One thing I am learning as a new Mom is the importance of slowing down in life. Here is how I’m changing my ways to enjoy the little things in life.
I have always been a countdown person. I count down to Christmas starting after the day it ends. I count down to vacations, birthdays, and anniversaries. I count down to the last day of school. I counted down the days to my wedding. I counted down the days to my due date. If you asked me last year, or really any time in the last 28 years of my life when I could actually count, I could roughly give you how many days were left until my birthday.
Countdowns make the time go by faster because they give you something to look forward to. Long days seem much shorter when there is something to celebrate in your future. Plus, there is a joy in crossing days off of a calendar or seeing a countdown timer tick away on your phone. Countdowns are exciting. They are something to do to literally pass the time.
Slowing Down in Life
Ever since Annabelle was born, I deleted my countdown app. I don’t know how many days are left until my birthday and I certainly don’t know how many weeks/days/hours/minutes are left until Christmas. I don’t want to rush through my life anymore. I just want to enjoy every single second of it.
It’s funny – ever since I stopped counting down – I find that I can enjoy what’s going on around me a little more. I turn the television off when I am home alone with Annabelle and we play. We sing. We dance. When she naps, gone is the lazy hour spent in front of the tv. I now take my time to get things done around the house so when she wakes up we can play again. On the weekends, my husband and I take advantage of our time together as a family. We go for walks. We have snuggle fun time in bed with the baby.
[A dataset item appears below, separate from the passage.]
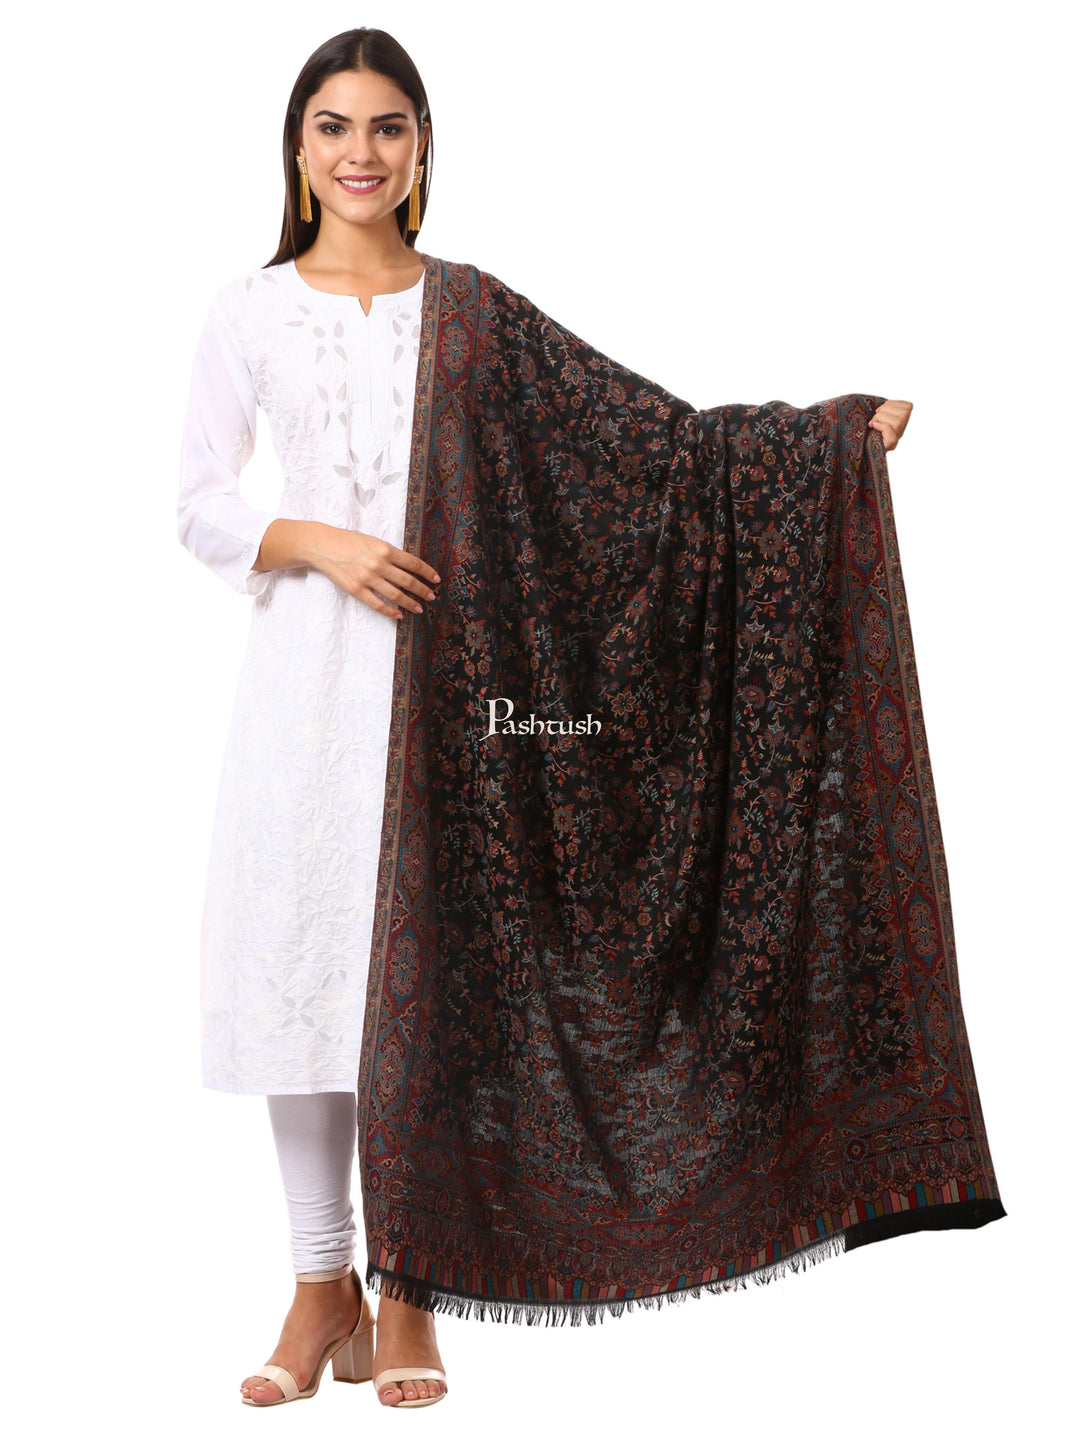 Pashtush India Womens Shawls Pashtush Woven Ethnic Shawl, Faux Pashmina Shawl, Soft And Warm (Black)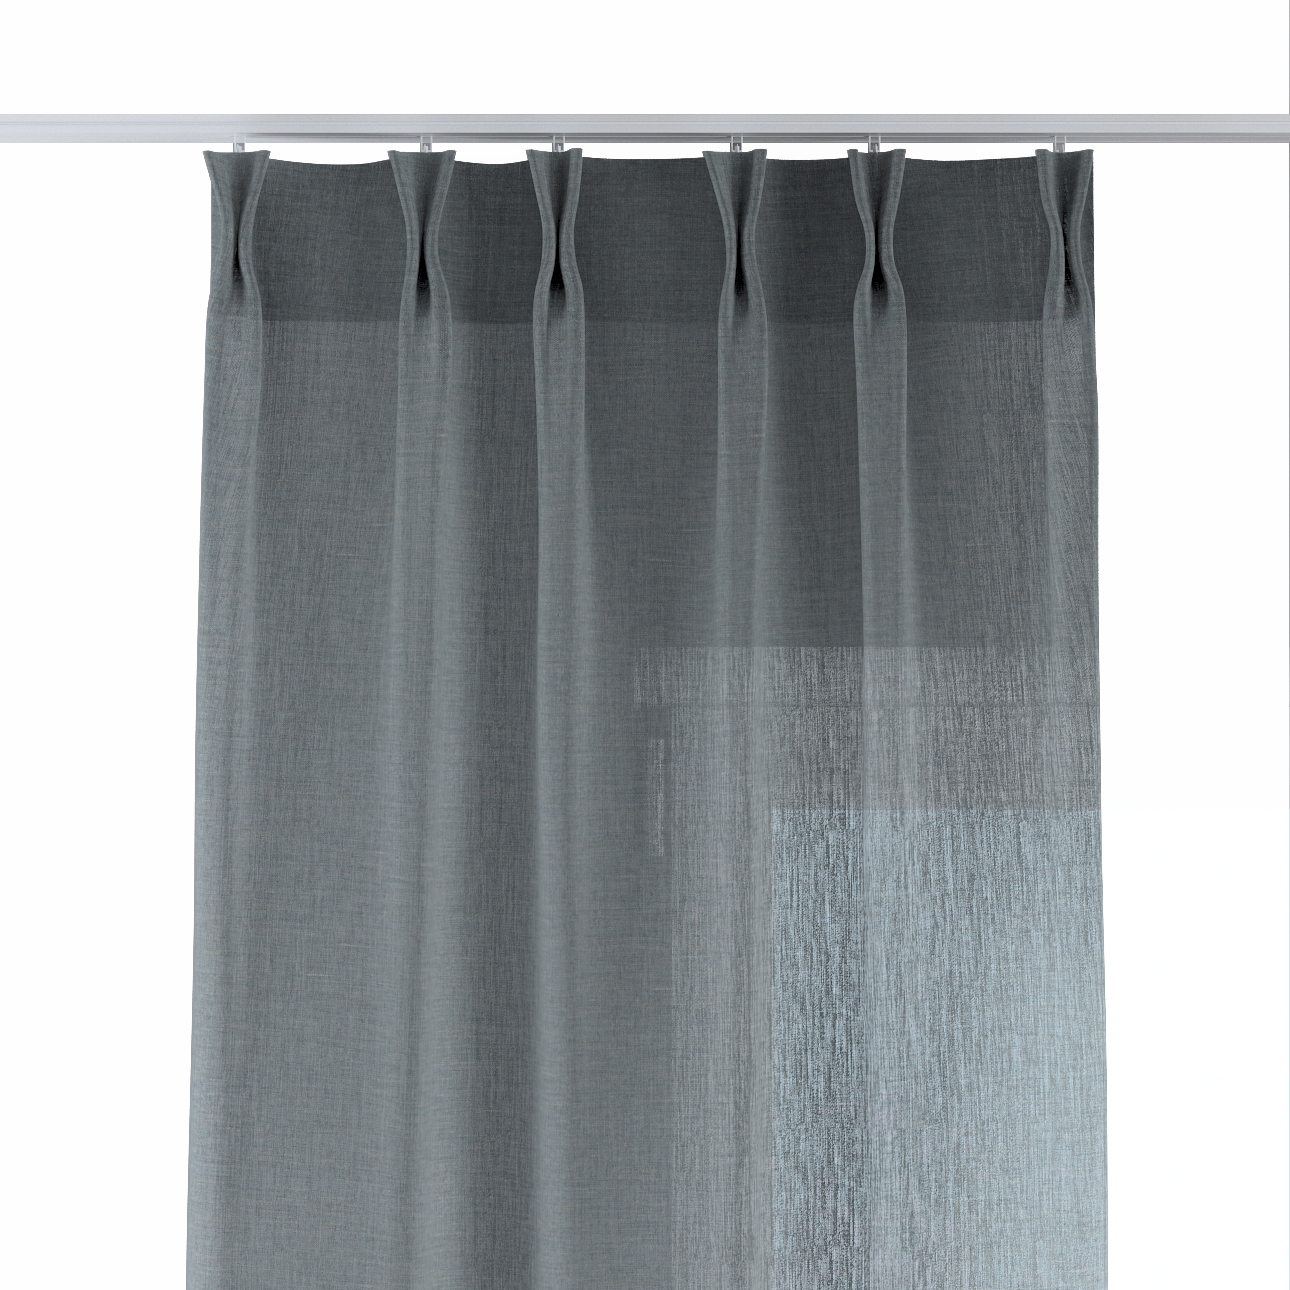 Vorhang mit flämischen 2-er Falten, salbeifarben, Delicate Premium (144-60) günstig online kaufen

We sing and dance and make memories with Annabelle.
My Mom is coming to visit next week, and we are going to the beach the day after she leaves, so even though I want her here OH SO BAD, I am trying to stretch out the time until she gets here. Why should I waste a week away with my daughter ? When she gets here, I will try to appreciate every single second we have together, so we’re not looking at one another when I drive her to the airport wondering, “Where did the week go?”
Don’t Rush the Day Away
Granted I know that this will change once I go back to work, that I will want to rush my school days so I can get home to my daughter, I am going to have to remind myself that we only get this one life. I’ll need to let my days drag so I don’t blink my eyes and find myself at Annabelle’s 5th birthday party.